Comment author: Arielgenesis 29 July 2016 03:25:50AM 0 points [-]

I will have to copy paste my answer to your other comment:

Yes I could. I chose not to. It is a balance between suspension of disbelieve and narrative simplicity. Moreover, I am not sure how much credence should I put on recent cosmological theories that they will not be updated the future, making my narrative set up obsolete.

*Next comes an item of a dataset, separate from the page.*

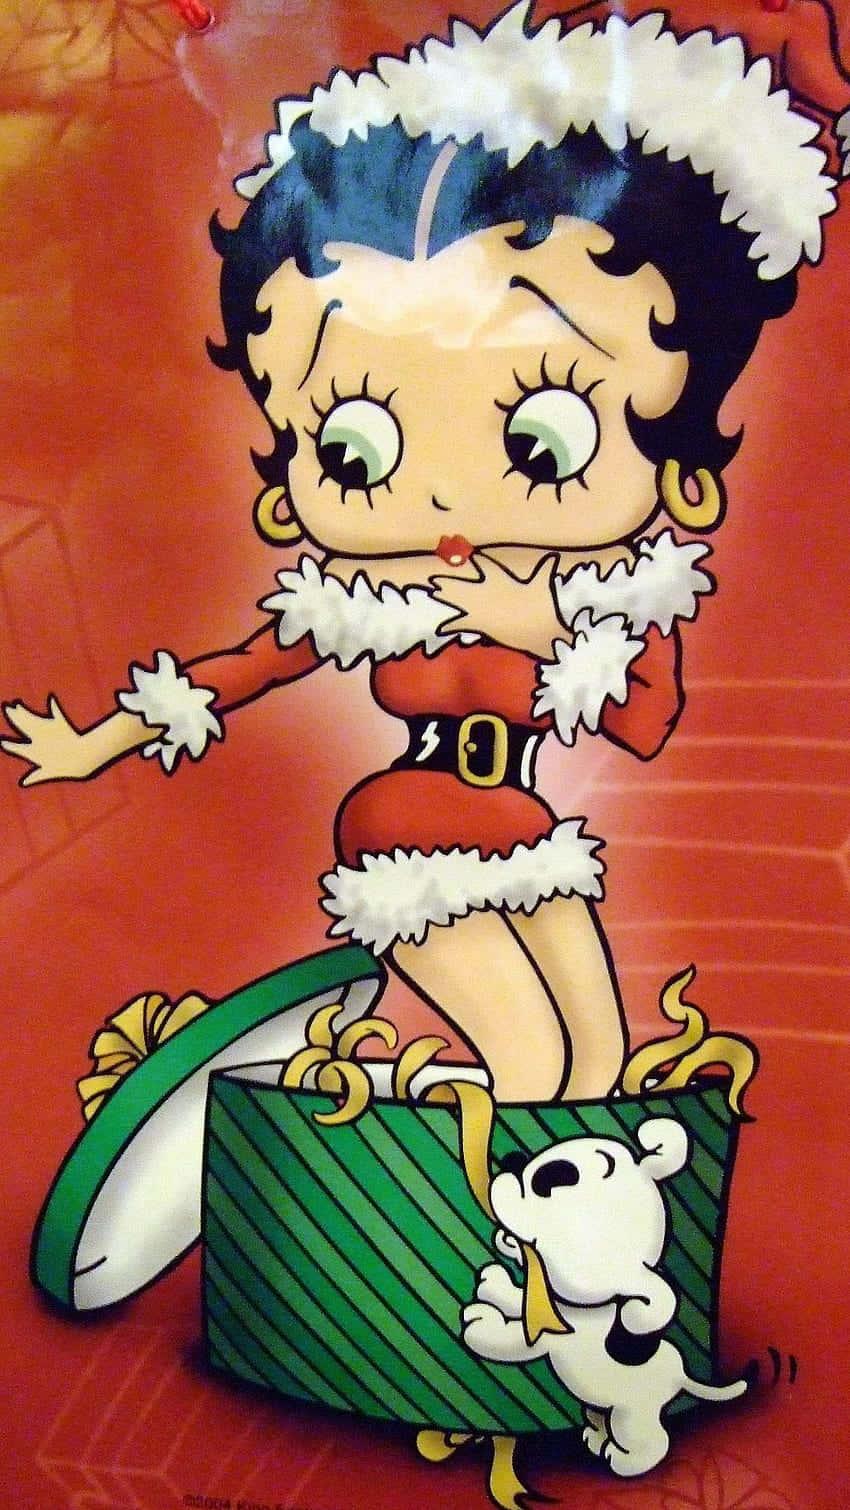 Betty Boop Celebrating Christmas With A Warm Holiday

I also do not want to burden my reader with familiarity of cosmological theories.

Am I not allowed to use such narrative technique to simplify my story and deliver my point? Yes I know it is out of touch with the human condition but I was hoping it would not strain my audiences' suspension of disbelieve.

Comment author: buybuydandavis 29 July 2016 09:23:14PM 1 point [-]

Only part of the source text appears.